Friday, October 23rd, 2009

First thing’s first….

Boring workout hippy-drool

Thursday am: 80min Run up Death Canyon
Thursday pm: Reverse Happy Hour @ Caddy
Friday am: 40 min run + 50 L3/4 up+down Snow King
Friday pm: Stayed home, then went out
Saturday am: CycleCross. Killed it.
Saturday pm: Beer Hockey til 3am. I won.
Sunday: slouch on the couch
Monday: 25min “easy” up-hill moose-hoof bounding + 50min tempo run
Tuesday: 120min run up Cascade Cayon (epic)
Wednesday: Off
Thursday: 60 min spec DPole strength. it’s back

Two things amaze me about this:

With no goals or planning whatsoever, I find myself out somewhere pushing myself beyond belief. I mean today’s specific strength was HARD! I’m sort of just out to get it for getting it’s sake or something. Two hard days and a race followed by two long OD’s? Who does that?

The second thing is that even without deserving it I can get out there and knock out a couple of 120 minute mountain at altitude, *after* all this mayhem.

I can just here the gym teacher now.

“You know he’d be a hell of an athlete if he’d just apply himself.”

I feel like a raging bull without a fighter. Big healthy hams and all that. Ruff Ruff.

Frankly, now that the dust has settled I just don’t have a race to get all psycho about. The nor-tard thing isn’t exactly number 1 in my sights, chasing the invisible training partner through the rain and all. Some people sent some running links, gotta check them out (Thanks Dave).

What’s next? What’ll it be? Ideas? Pay $140 + entry to jump in the SuperTours and get my ass handed to me? No thanks. Resign myself to X-TERRA and masters’ nordic races? Find the trail runner within? Just give up and start working on my AA membership?
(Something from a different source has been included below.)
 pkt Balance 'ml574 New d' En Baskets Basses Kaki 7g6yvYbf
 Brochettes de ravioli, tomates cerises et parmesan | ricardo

Yeah that’s right, next year I’m a MASTER. Stick it. Crap, that also means I’m a “blaster”.

A New Phase

Monday, October 19th, 2009

I’m sort of entering a new athletic phase. I pushed it pretty hard year ’round for the last few years and learned a lot of what I wanted to learn about training and racing. I know I can run with the big dogs in the summer, and nordic skiing is a whole new animal now.

I’ve faced challenges head-on to the point where I’ve even had to have to courage to drop my goals in order to achieve them. As a result I’ve got a much stronger athletic head on my shoulders. Now it’s more about choice. Where do I want to go? What is worth it and what isn’t?

Now I’m thinking about what kind of goals I want to set for the future. I love hard training, but bridging that gap from no-where to pro skier alone without much background SUCKS. *HARD*. In retrospect I should have joined the APU masters program to get some technique coaching and at least give me some people to stomp every now and again. Going and doing some camps would have been a great idea too. The CXC summer camps would have been a great option.

As far as nordic skiing, living in Jackson Hole pretty much puts me in the dead zone. Everyone here’s an alpine ski bum, the roller skiing blows with only a few hard-capped bike paths, and skiing at Trail Creek gets a boring after a couple of months.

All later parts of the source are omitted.